Zimbabwe's pay schedule breached, army still not paid for July


The government of Zimbabwe has failed to follow a pay schedule for civil servants at a time the country is facing serious shortage of cash.

Under the arrangement, the army and other security services usually received salaries earlier than other civil servants, in the middle of June when the security forces were to be be paid, the government postponed payment to June 27.

Reports emerged last week that the government had failed for the second consecutive month to pay salaries of army officials on time (middle of July). According to some unnamed officials at the time, the government did not communicate a new payment plan to them.

The Ministry of Finance and Economic Development has noted that the current crisis was as a result of severe revenue under performance which had led to cash flow challenges.

The Ministry added that it was the cash flow challenges that necessitated the proposal of new pay dates for the month of June (a situation that has extended to July) in order to ‘‘allow for the mobilization of requisite resources.’‘

Cash shortage in Zimbabwe means govt will pay various departments/employees at different times
(Messy) pic.twitter.com/A73z2LrR6m

— Samira Sawlani (@samirasawlani) June 17, 2016

The new pay dates followed the convention of prioritizing the security agencies whiles other sections of the civil servants are paid later.
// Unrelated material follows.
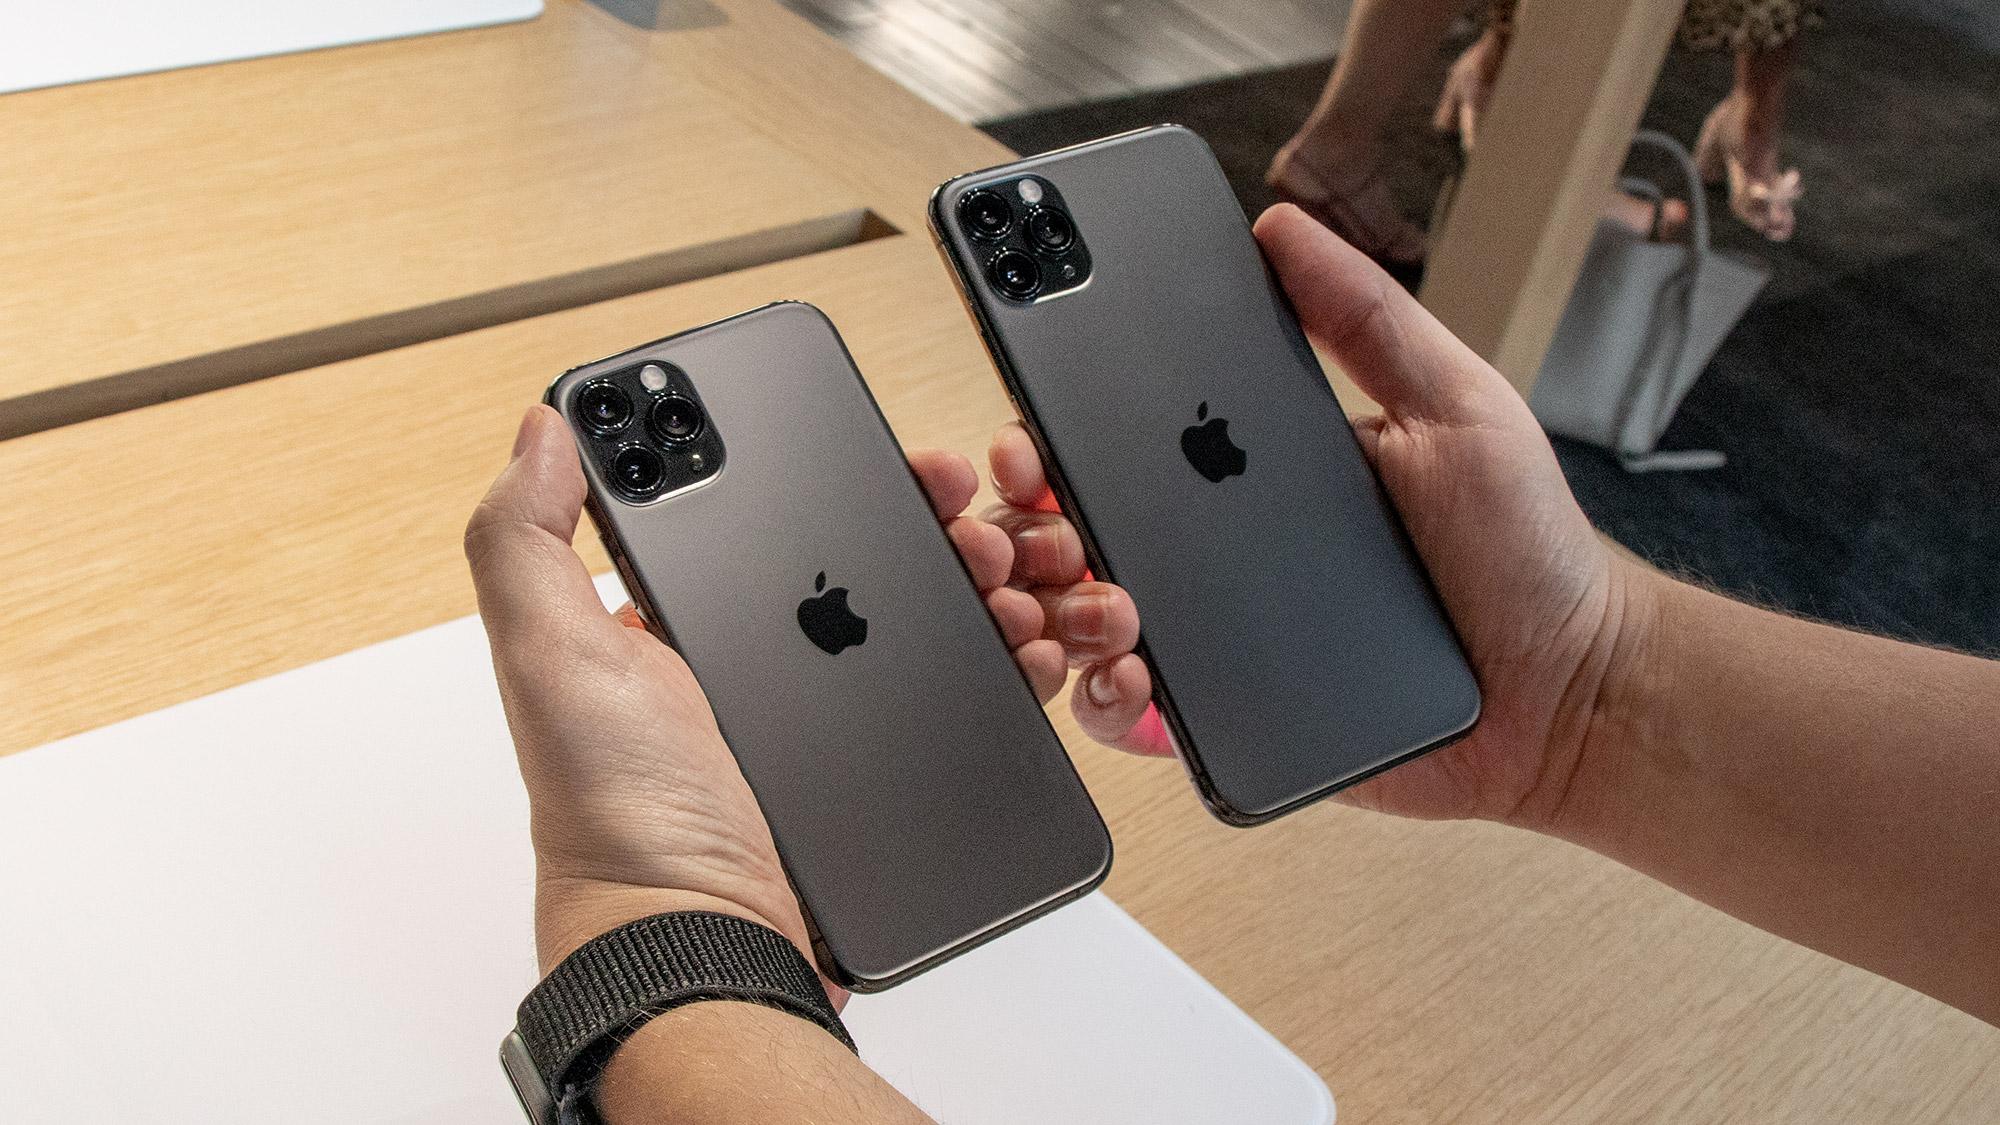 Is it better to speak or die? iPhone 11 case

The June pay schedule is as follows:

  • Zimbabwe National Army – 27 June, 2016
  • Air Force of Zimbabwe – 27 June 2016
  • Zimbabwe Republic police – 30 June 2016
  • Zimbabwe Prison and Correctional Services – 30 June 2016
  • Education Sector – 7 July 2016
  • Health Sector – 14 July 2016
  • Rest of Service – 14 July 2016
  • Pensioners – 19 July 2016

A section of civil servants in the embattled southern African country laid down their tools in protest of the non payment of salaries as promised by government. Their action led to a shut down in the capital, Harare, and other parts of the country.

The government has stated that the economic challenges, even though temporal, were as a result of economic sanctions that had been imposed on them by the West.

A police crackdown ensued when commercial transport operators clashed with the security services in anti-corruption protests.